Alertmanager Configuration
# alertmanager.yml
global:
resolve_timeout: 5m
slack_api_url: 'https://hooks.slack.com/services/YOUR/SLACK/WEBHOOK'
route:
receiver: 'slack-default'
group_by: ['alertname', 'job']
group_wait: 30s
group_interval: 5m
repeat_interval: 4h
routes:
- match: { severity: critical }
receiver: 'pagerduty-critical'
- match: { severity: warning }
receiver: 'slack-warnings'
receivers:
- name: 'slack-default'
slack_configs:
- channel: '#alerts'
title: '{{ .GroupLabels.alertname }}'
text: '{{ range .Alerts }}{{ .Annotations.description }}{{ end }}'
- name: 'slack-warnings'
slack_configs:
- channel: '#alerts-warnings'
- name: 'pagerduty-critical'
pagerduty_configs:
- service_key: 'YOUR_PAGERDUTY_KEY'
inhibit_rules:
- source_match: { severity: critical }
target_match: { severity: warning }
equal: ['alertname', 'instance']
7. Grafana: Installation and Setup
Grafana is the visualization layer — it connects to Prometheus and dozens of other data sources to create interactive dashboards.

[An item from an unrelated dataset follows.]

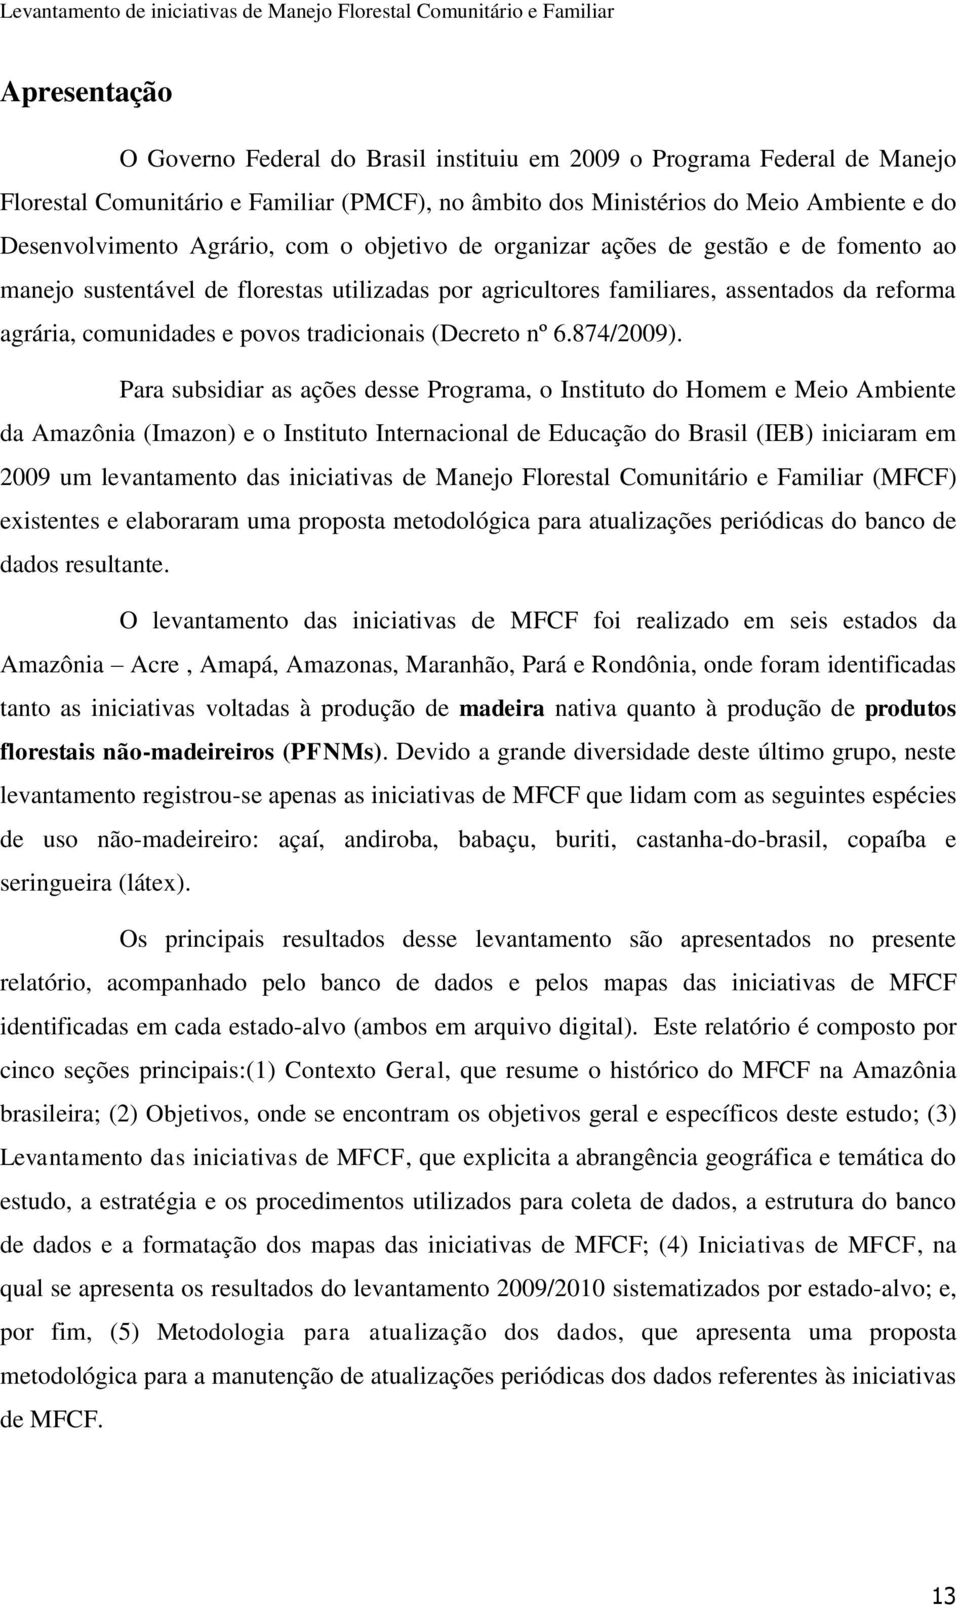 tradicionais (Decreto nº 6.874/2009).

Full Docker Compose Monitoring Stack
services:
prometheus:
image: prom/prometheus:v2.51.0
ports: ["9090:9090"]
volumes:
- ./prometheus.yml:/etc/prometheus/prometheus.yml:ro
- ./alert-rules.yml:/etc/prometheus/alert-rules.yml:ro
- prom-data:/prometheus
command: ['--config.file=/etc/prometheus/prometheus.yml', '--storage.tsdb.retention.time=30d', '--web.enable-lifecycle']
restart: unless-stopped
grafana:
image: grafana/grafana:10.4.0
ports: ["3000:3000"]
environment:
GF_SECURITY_ADMIN_PASSWORD: ${GRAFANA_PASSWORD}
volumes:
- grafana-data:/var/lib/grafana
- ./grafana/provisioning:/etc/grafana/provisioning:ro
depends_on: [prometheus]
restart: unless-stopped
alertmanager:
image: prom/alertmanager:v0.27.0
ports: ["9093:9093"]
volumes: [./alertmanager.yml:/etc/alertmanager/alertmanager.yml:ro]
restart: unless-stopped
node-exporter:
image: prom/node-exporter:v1.7.0
ports: ["9100:9100"]
volumes: ['/proc:/host/proc:ro', '/sys:/host/sys:ro', '/:/rootfs:ro']

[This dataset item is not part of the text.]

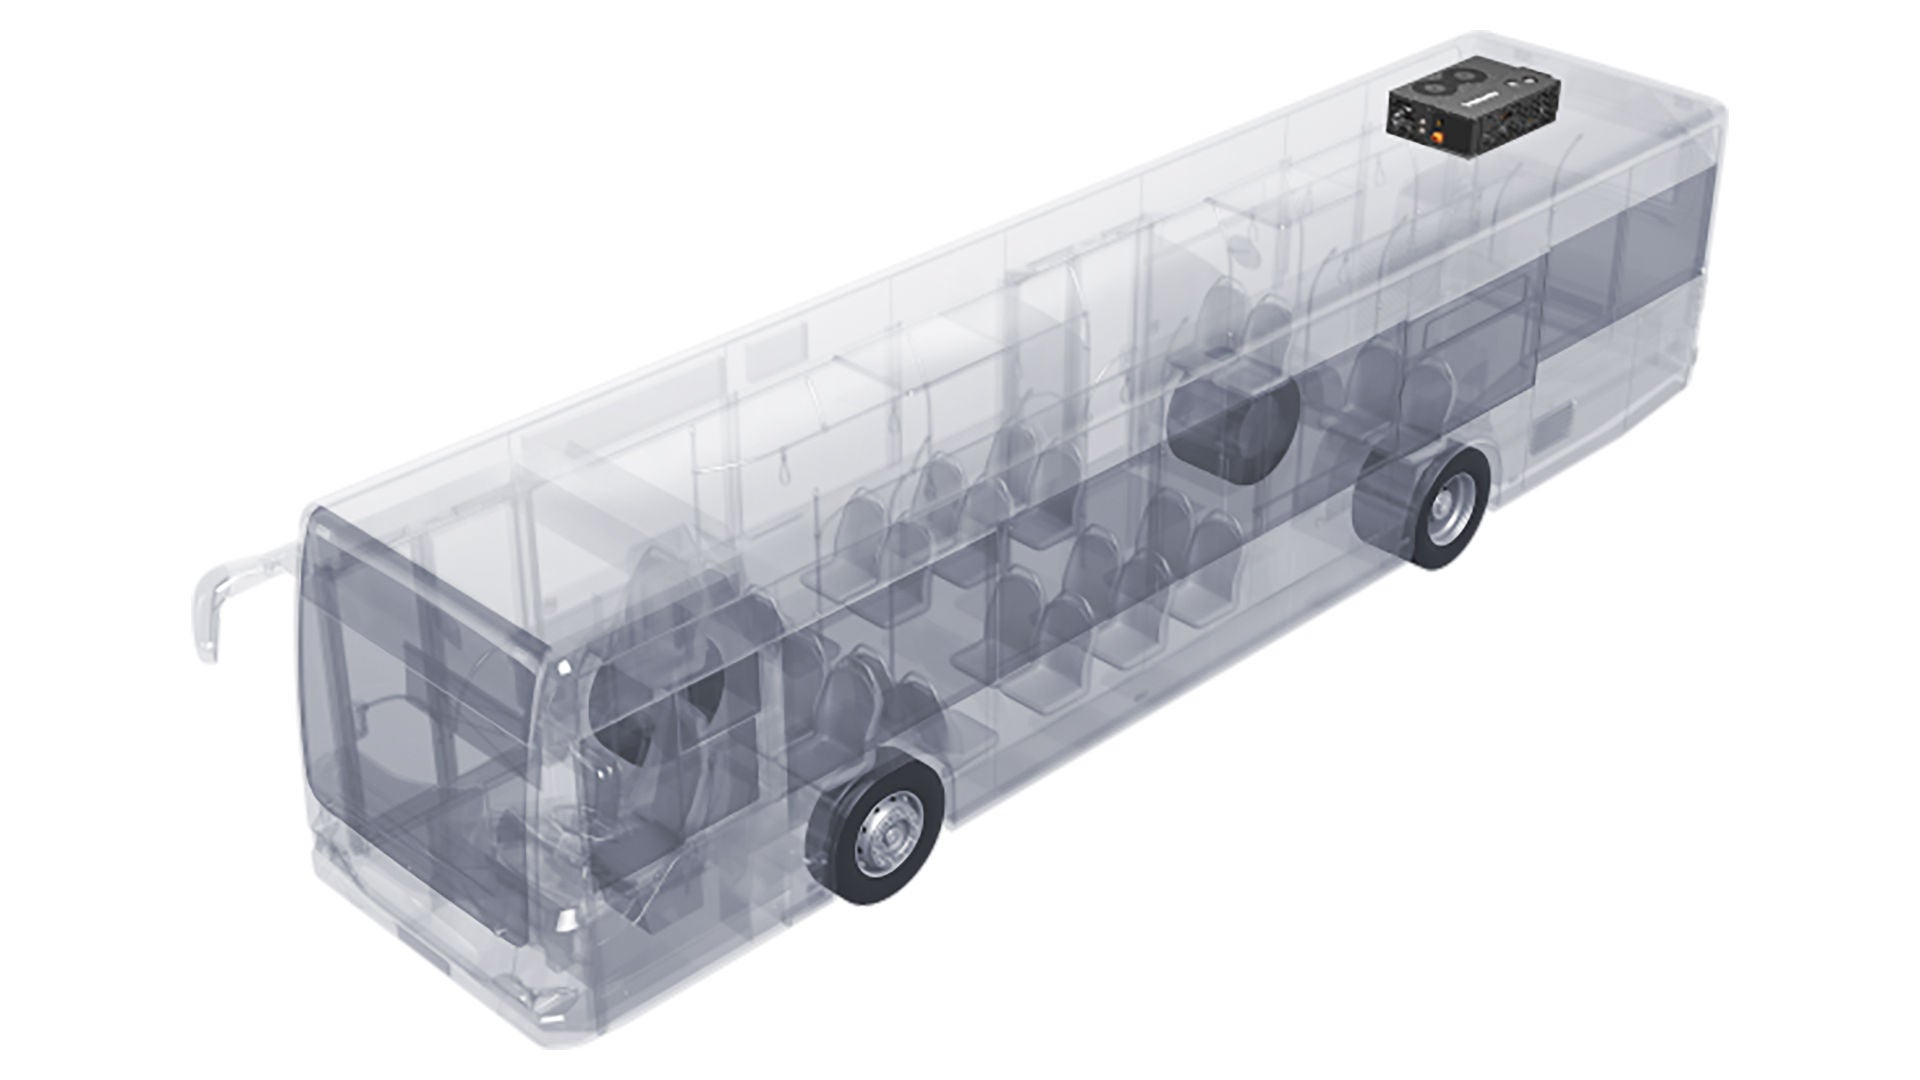 Illustration of eBTM installed in a bus

command: ['--path.procfs=/host/proc', '--path.sysfs=/host/sys', '--path.rootfs=/rootfs']
restart: unless-stopped
volumes:
prom-data:
grafana-data:
Auto-Provision the Prometheus Datasource
# grafana/provisioning/datasources/prometheus.yml
apiVersion: 1
datasources:
- name: Prometheus
type: prometheus
access: proxy
url: http://prometheus:9090
isDefault: true
8. Building Grafana Dashboards
Panel types and when to use them:
- Time series — line/area charts for metrics over time (request rate, latency, CPU)
- Stat — single big number (uptime, total requests today)

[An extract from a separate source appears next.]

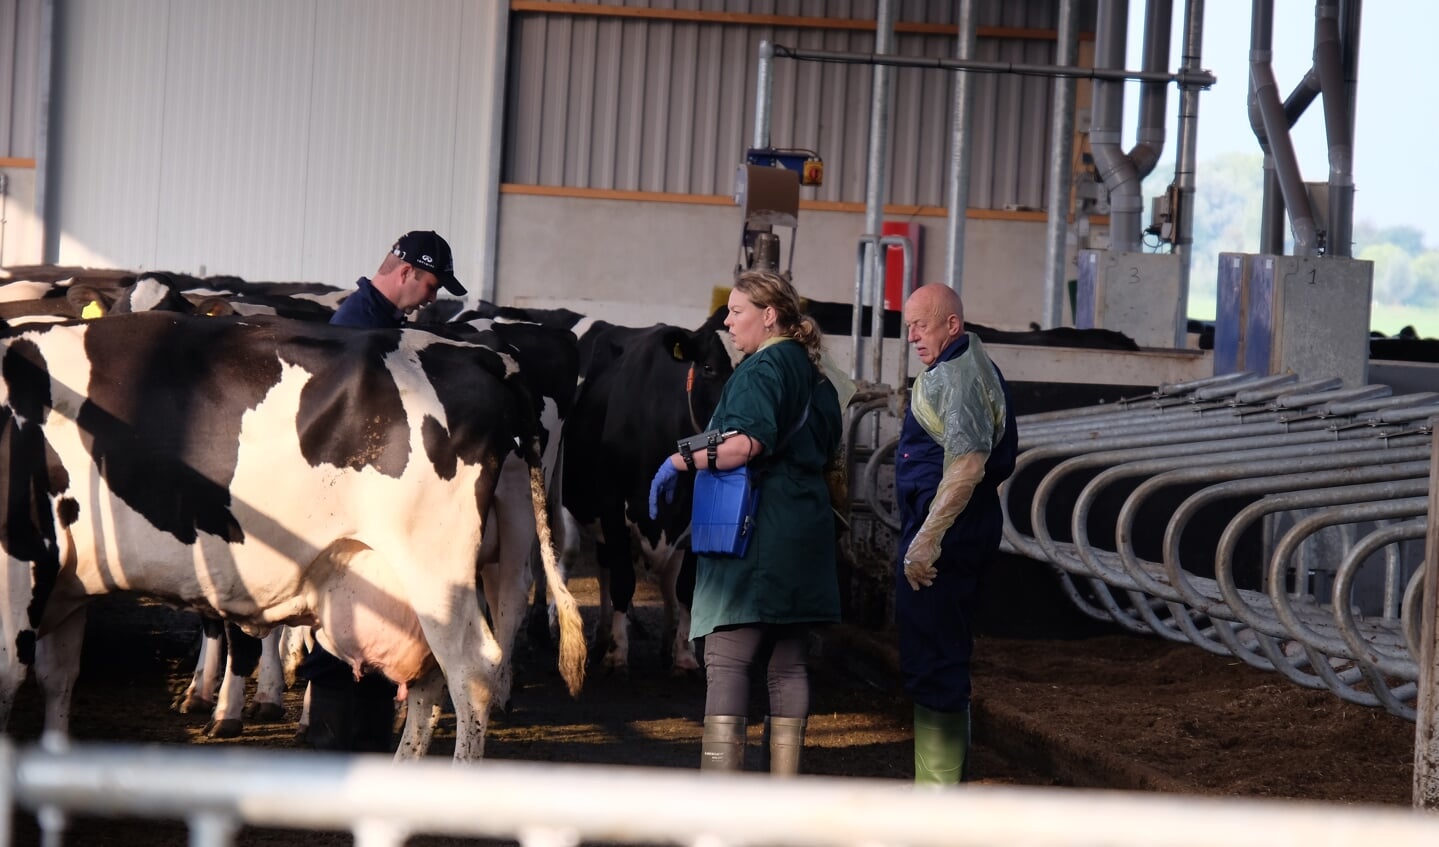 • Bezoek van Dr. Pol met dierenarts Barbara van Deuren aan veehouder Peter Kloek uit Meerkerk voor de drachtcontrole van verschillende koeien.

- Gauge — dial showing value against a range (disk usage %, CPU %)
- Table — tabular breakdowns (top endpoints by latency)
- Heatmap — histogram distribution over time (request duration buckets)
Template Variables
# Variable "instance" - Type: Query
# Query: label_values(up{job="my-api"}, instance)
# Populates a dropdown with all instances
# Variable "handler" - Type: Query
# Query: label_values(http_requests_total{instance="$instance"}, handler)
# Filters based on selected instance
# Use in panel queries:
rate(http_requests_total{instance="$instance", handler="$handler"}[5m])
# Multi-value (select multiple):
rate(http_requests_total{instance=~"$instance"}[5m])
Dashboard Provisioning
# grafana/provisioning/dashboards/provider.yml
apiVersion: 1
providers:
- name: 'default'
folder: 'Provisioned'
type: file
options:
path: /etc/grafana/provisioning/dashboards/json
9. Dashboard Patterns: RED and USE Methods
RED Method (for Services)
Rate, Errors, Duration — the three golden signals for request-driven services:
# RATE: requests per second
sum(rate(http_requests_total[5m]))
# ERRORS: error percentage
sum(rate(http_requests_total{status=~"5.."}[5m]))
/ sum(rate(http_requests_total[5m])) * 100
# DURATION: p50, p95, p99 latency
histogram_quantile(0.50, sum by (le) (rate(http_request_duration_seconds_bucket[5m])))
histogram_quantile(0.95, sum by (le) (rate(http_request_duration_seconds_bucket[5m])))
histogram_quantile(0.99, sum by (le) (rate(http_request_duration_seconds_bucket[5m])))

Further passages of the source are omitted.